Fadli Zon Minta Museum Basoeki Abdullah Berani Pajang Karya Asli

JAKARTA - Museum Basoeki Abdullah diminta tidak lagi terlalu sibuk menyimpan koleksi, tetapi lebih berani memamerkan karya asli kepada publik. Museum, kata Menteri Kebudayaan Fadli Zon, harus hidup dari karya, bukan sekadar daftar inventaris.

Pesan itu disampaikan Fadli saat mengunjungi Museum Basoeki Abdullah di Jalan Keuangan Raya, Cilandak, Jakarta, Rabu, 1 Juli. Museum tersebut merupakan aset Balai Pelestarian Kebudayaan DKI Jakarta.

Fadli menilai kualitas museum harus diperkuat lewat kurasi, narasi, dan tata pamer yang lebih serius. Karya asli Basoeki Abdullah perlu menjadi pusat perhatian. Bukan salinan cetak yang membuat pengunjung merasa seperti melihat reproduksi di ruang tunggu.

“Museum harus berjiwa memamerkan, bukan bersemangat inventaris. Karya asli dipamerkan, bukan print. Storage diminimalkan, pajangan dimaksimalkan, dengan rotasi bila ruang terbatas,” ujar Fadli.

Menurut Fadli, Museum Basoeki Abdullah memiliki bahan cerita yang sangat kaya. Tidak hanya lukisan, tetapi juga peristiwa penting dalam hidup sang maestro, tokoh-tokoh yang pernah dilukis, kutipan, kliping surat kabar, hingga arsip televisi.

Semua bahan itu dapat dirangkai menjadi pameran tematik agar pengunjung tidak hanya melihat lukisan, tetapi juga memahami konteks karya dan perjalanan hidup Basoeki Abdullah.

“Bahan narasi Basoeki Abdullah melimpah. Peristiwa, tokoh, kliping, arsip, semuanya dapat menjadi bagian dari kurasi tematik sehingga pengunjung memperoleh pengalaman yang utuh,” katanya.

Fadli juga mendorong pengembangan merchandise berbasis koleksi museum. Produk seperti kartu pos dan turunan visual lain dinilai bisa memperkuat pengalaman pengunjung, selama tetap berangkat dari karya asli yang dipamerkan.

Kepala Balai Pelestarian Kebudayaan DKI Jakarta Desse Yussubrasta mengatakan pihaknya akan menindaklanjuti arahan tersebut. Salah satunya dengan menerapkan kebijakan “No Print on Display” di ruang pamer utama.

Balai juga akan menyusun rotasi karya asli, menata ulang zonasi ruang pamer, ruang narasi, area arsip, dan ruang penyimpanan. Sejumlah kurator akan dilibatkan untuk menyusun narasi pamer tematik berbasis peristiwa penting dalam kehidupan Basoeki Abdullah.
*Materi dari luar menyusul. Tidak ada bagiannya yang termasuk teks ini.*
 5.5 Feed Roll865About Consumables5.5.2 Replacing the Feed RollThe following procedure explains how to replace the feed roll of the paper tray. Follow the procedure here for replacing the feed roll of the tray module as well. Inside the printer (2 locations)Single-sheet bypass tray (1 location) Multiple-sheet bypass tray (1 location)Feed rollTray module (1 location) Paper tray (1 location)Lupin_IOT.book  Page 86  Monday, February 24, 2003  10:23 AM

Selain itu, karya asli yang selama ini berada di ruang penyimpanan akan diidentifikasi. Karya prioritas akan dipindahkan ke ruang pamer agar lebih banyak dilihat publik.

Kunjungan tersebut turut diikuti Direktur Jenderal Pelindungan Kebudayaan dan Tradisi Restu Gunawan, Staf Khusus Menteri Bidang Protokoler dan Rumah Tangga Rachmanda Primayuda, serta Direktur Sejarah dan Permuseuman Agus Mulyana.

Fadli berharap revitalisasi tata pamer Museum Basoeki Abdullah dapat segera dilakukan. Ia juga berharap museum itu semakin ramai dikunjungi masyarakat dan menjadi ruang inspirasi bagi pelukis muda.

“Kita berharap ke depan akan dilakukan revitalisasi tata pamer Museum Basoeki Abdullah. Sekaligus kita berharap semakin banyak masyarakat yang berkunjung,” ujar Fadli.